I used to spend 30 to 60 minutes debugging a single failed transaction.
Run cast run. Scroll through thousands of trace lines trying to find the revert. Jump to the block explorer to figure out what contract is at some address. Check if the source is verified. Look up the function selector. Figure out what moved, what didn’t, and why. Write it up. Move to the next one.
Ten failed transaction hashes from the team? There goes my day.
The debugging itself was never actually hard. The problem was that 90% of the process was mechanical — reading output, looking things up, stitching context together. Stuff a machine should be doing. I was just the machine.
So I automated the mechanical part.
What I Built
It’s a Claude Code skill called debug-txs. You hand it a list of transaction hashes and an RPC URL, and it runs the full investigation for each one.

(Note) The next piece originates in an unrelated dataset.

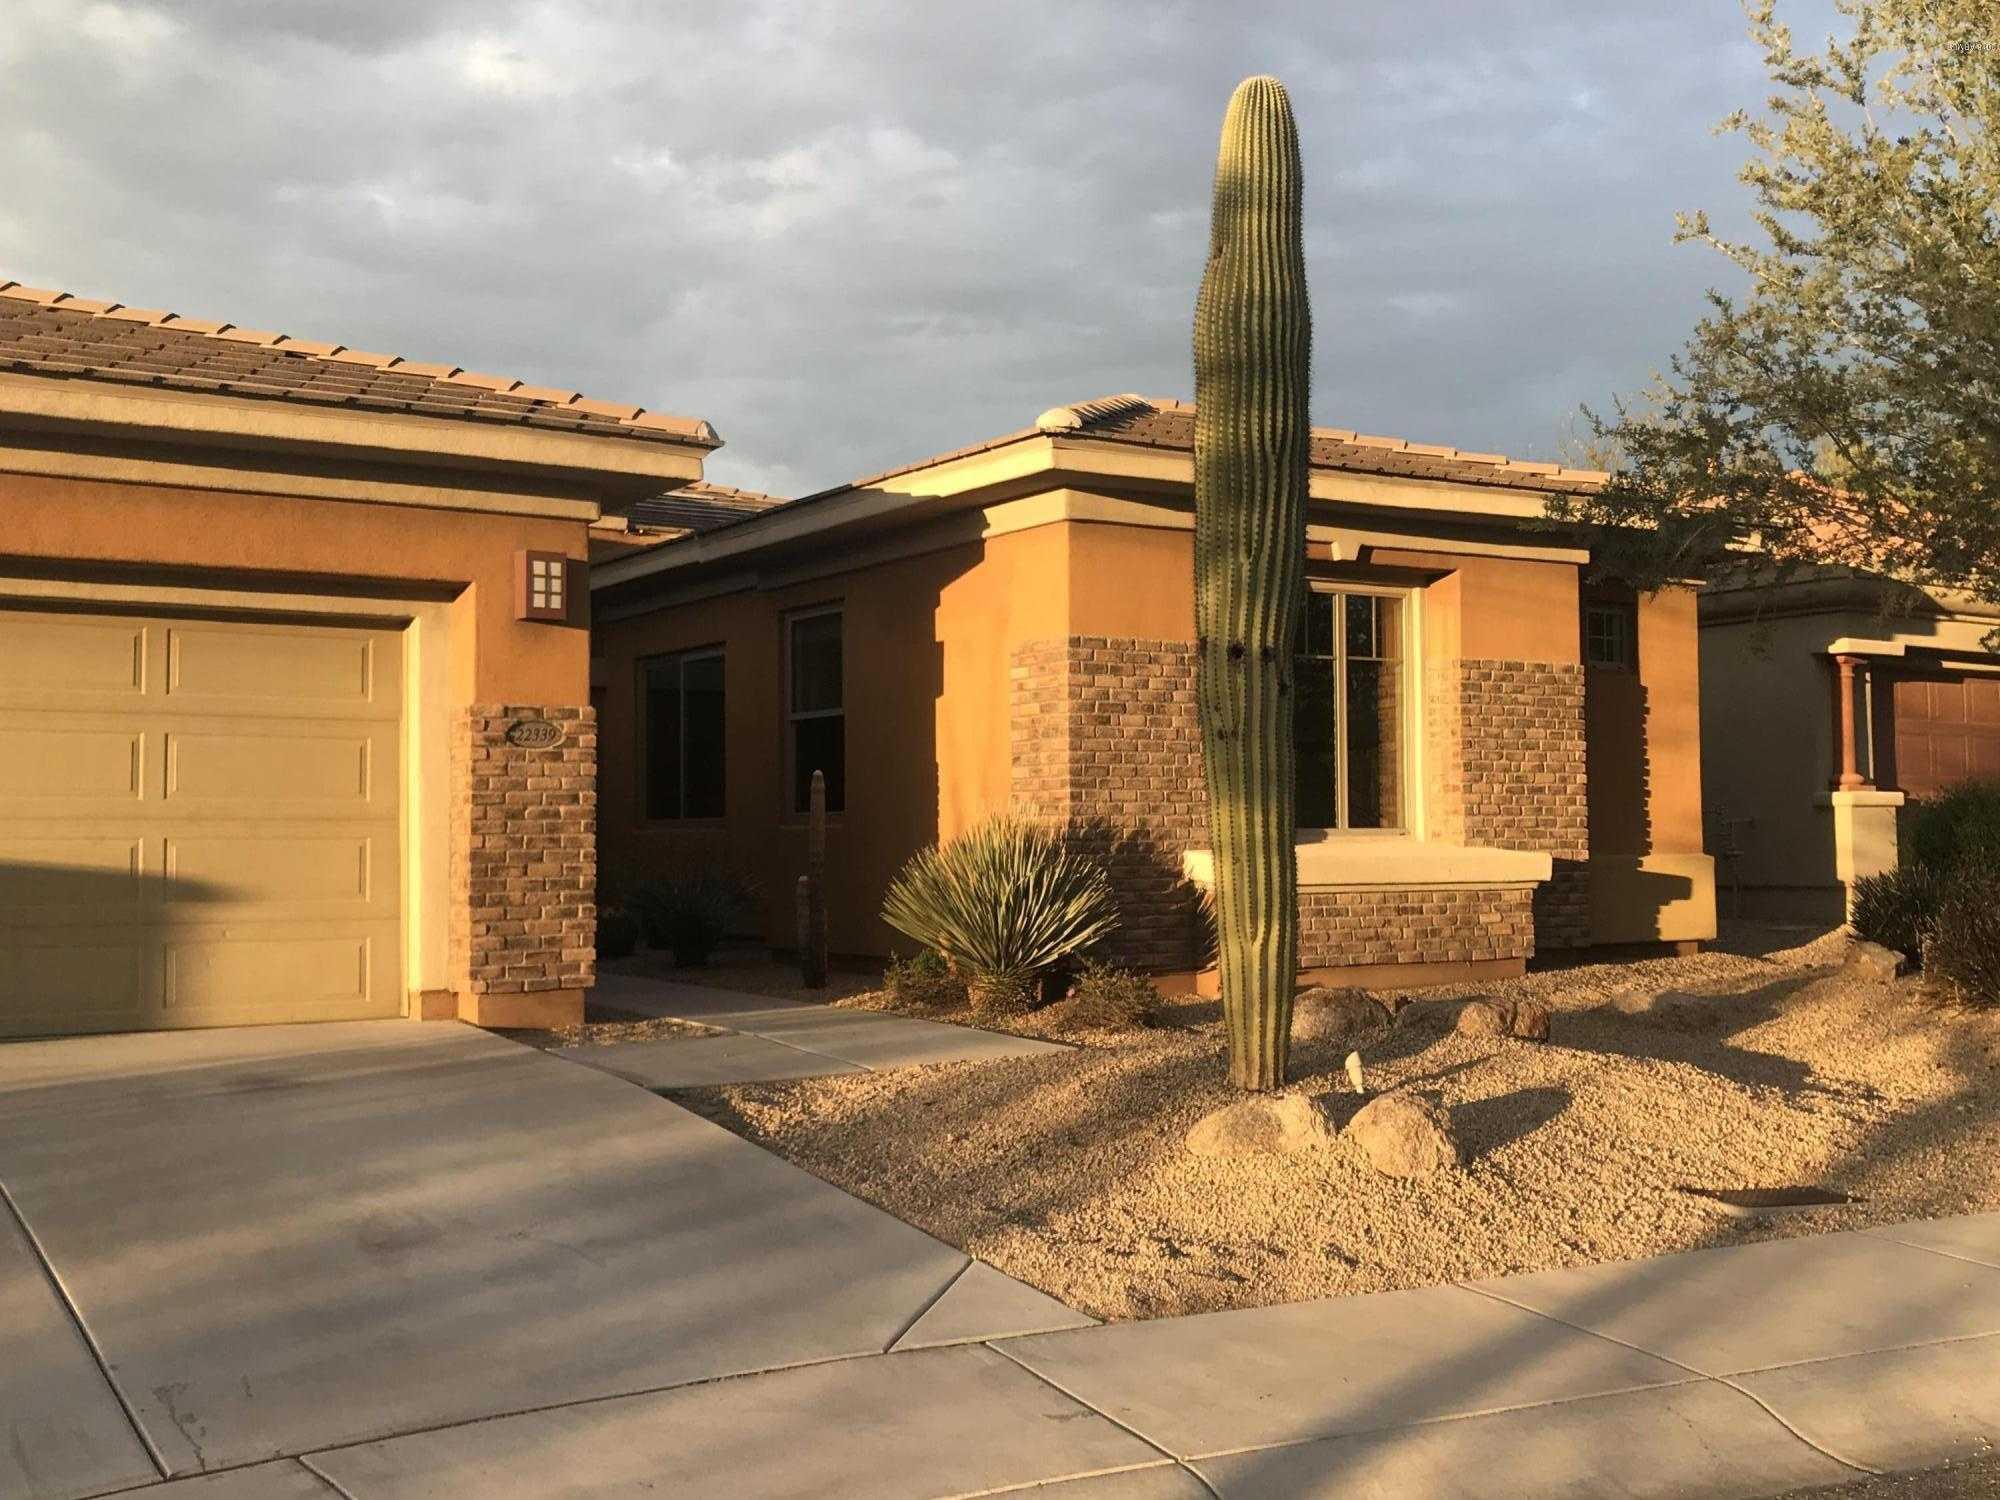 $2,650 - 2Br/3Ba - Home for Sale in Aviano, Phoenix
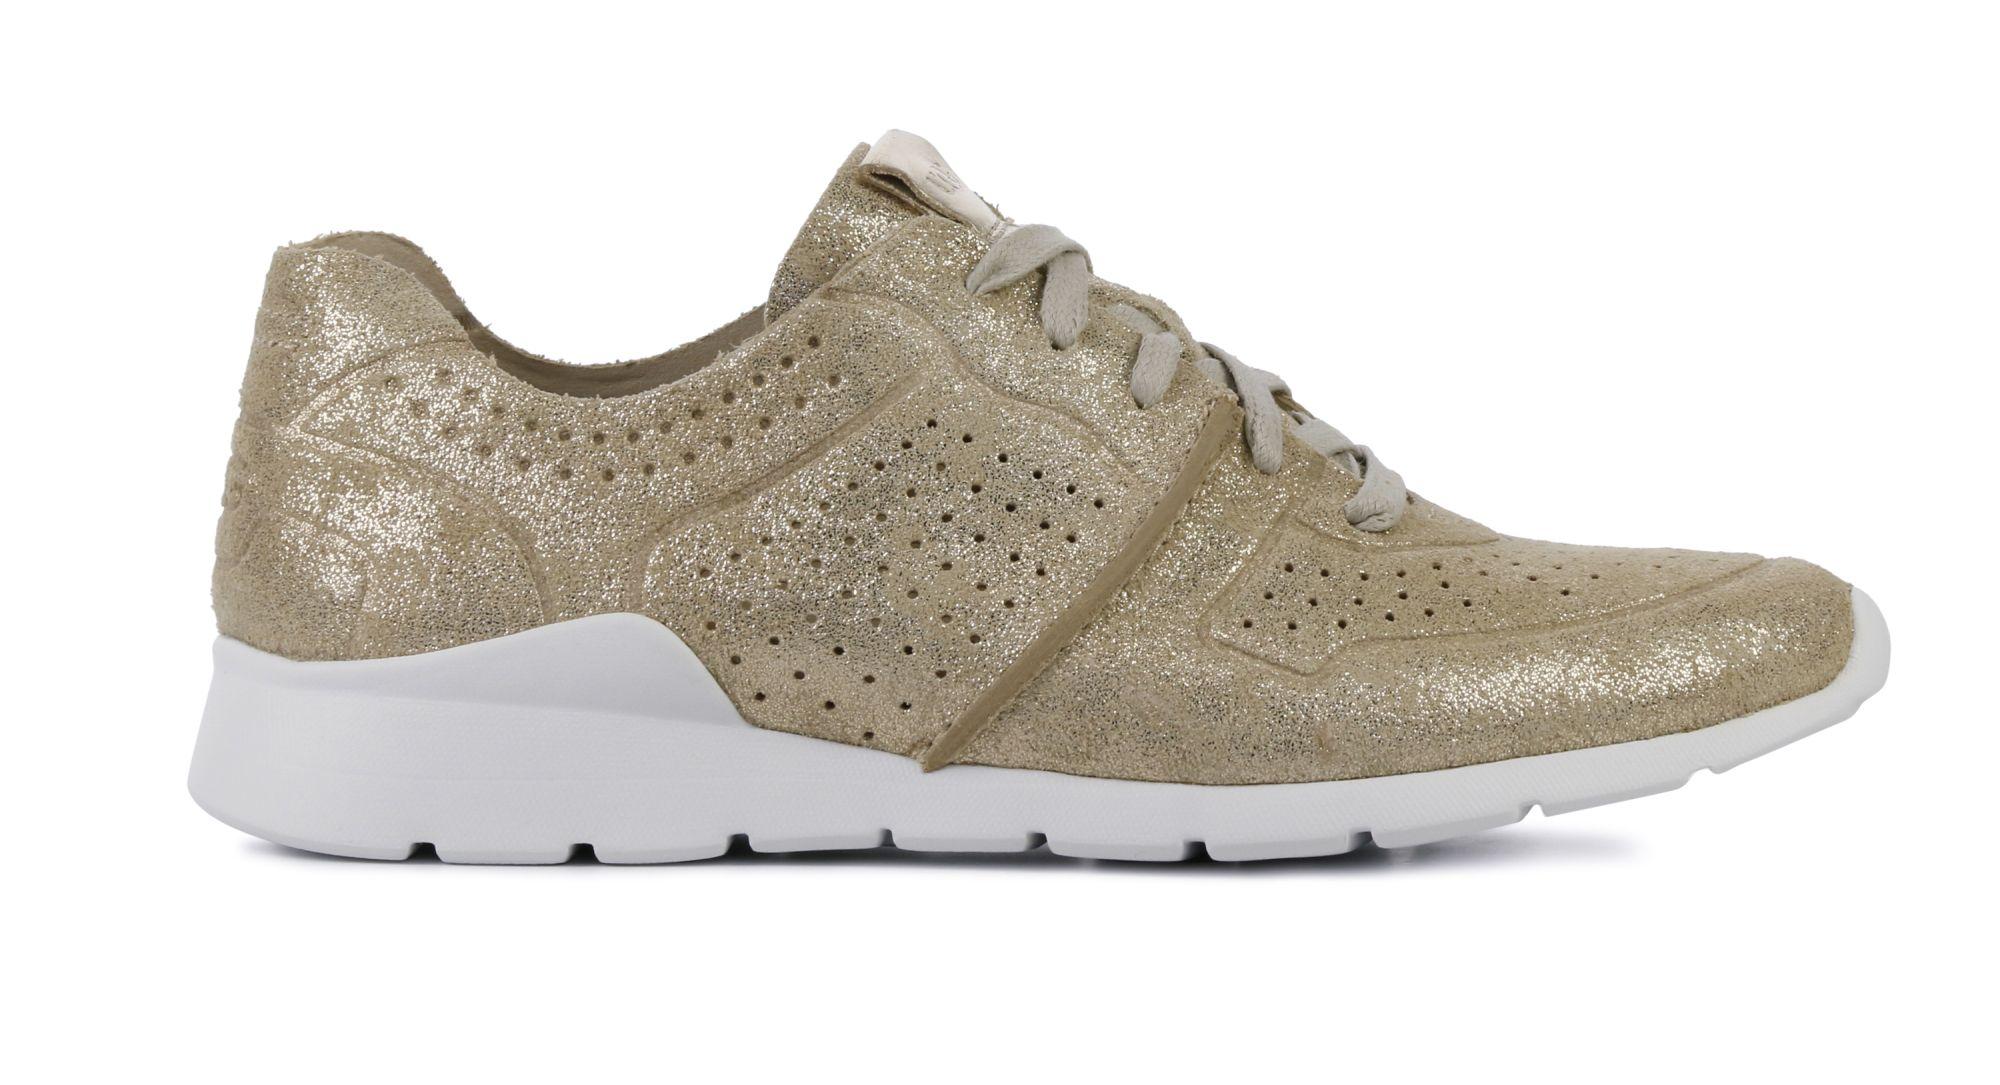 Sneakers Dames (Goud) Goedkope Koop Gratis Verzending Goedkoopste Prijs Hoe Veel Online Te Koop Em2uKbjxjP

For every transaction, it:
- Replays the transaction with
cast runand reads the full trace - Pulls verified source code for key contracts from Etherscan
- Resolves function selectors so the trace is actually readable
- Identifies what happened, what moved, what reverted
- Writes a plain-language summary into a clean markdown report
No raw trace dumps. No copy-pasting between a terminal and a block explorer. Just a report that tells you what happened and, for failed transactions, where it broke and what to look at next.
The report structure is consistent across every run: a full index table at the top, a section per transaction, an errors section for anything that couldn’t be processed. You can share it directly with your team without cleaning it up first.
The Distinction That Matters
The skill investigates and reports. It doesn’t touch any code.
That might sound like a limitation, but it’s intentional. When a transaction fails, understanding what happened and deciding what to fix are two different problems. The first is mostly mechanical — trace analysis, contract lookup, selector resolution. The second requires engineering judgment: understanding the protocol, knowing what the intended behavior was, deciding whether the fix is a simple guard or a deeper architectural change.
The skill handles the first problem completely. I still own the second.
This is the right division of labor. The parts of debugging that eat time without requiring thought are exactly the parts that should be automated. The parts that actually require domain knowledge — those stay with the engineer.
How It Works in Practice
You invoke it with:
/debug-txs https://mainnet.infura.io/v3/...
It asks for your transaction hashes (paste them inline or point to a .txt file), an output directory, and an Etherscan API key if it’s not already in your environment. It processes hashes in parallel batches of three and assembles everything into a single report when it’s done.
A few things worth knowing if you use it:
Traces get large. Complex DeFi interactions can produce thousands of lines of cast output. The skill is designed to digest traces rather than reproduce them — you won’t see a raw trace dump in the report — but context accumulates. Don’t feed it 50 hashes in one session. Break large batches into smaller runs.
It needs cast and an RPC URL. Foundry has to be installed on your machine, and you need an endpoint for the chain the transactions occurred on. Any standard provider works.
It won’t run without source. Contract lookups depend on Etherscan verification. If a key contract isn’t verified, the skill still analyzes the trace but won’t be able to pull source snippets for it.
Part of Something Bigger
debug-txs is one piece of a Solidity skill ecosystem I’ve been building with Claude Code.
Writing contracts. Gas analysis. Now debugging. Each as a focused, reusable slash command that handles a specific category of mechanical work. The goal isn’t to replace the engineering — it’s to eliminate the friction that exists around it.
What I’ve found is that each skill sharpens the others. Once I had a debugging skill, I started writing contracts with better error messages because I could see exactly how those messages surfaced in the report. Once I had a gas analysis skill, I stopped going down rabbit holes during active development — I’d defer gas questions to the skill and stay focused on the logic. The skills don’t just save time individually. They change how you move through the workflow.
Where to Get It
The skill is open on GitHub at chasebrownn/claude-skills. The README covers installation, usage, requirements, and what each section of the report contains.
If you’re doing smart contract work and you haven’t looked into Claude Code skills yet, this is a good entry point. The workflow is simple, the output is immediately useful, and it’s easy to modify the skill to fit your specific setup or reporting preferences.
The mechanical parts of debugging have always been the least interesting parts. It’s good to stop doing them manually.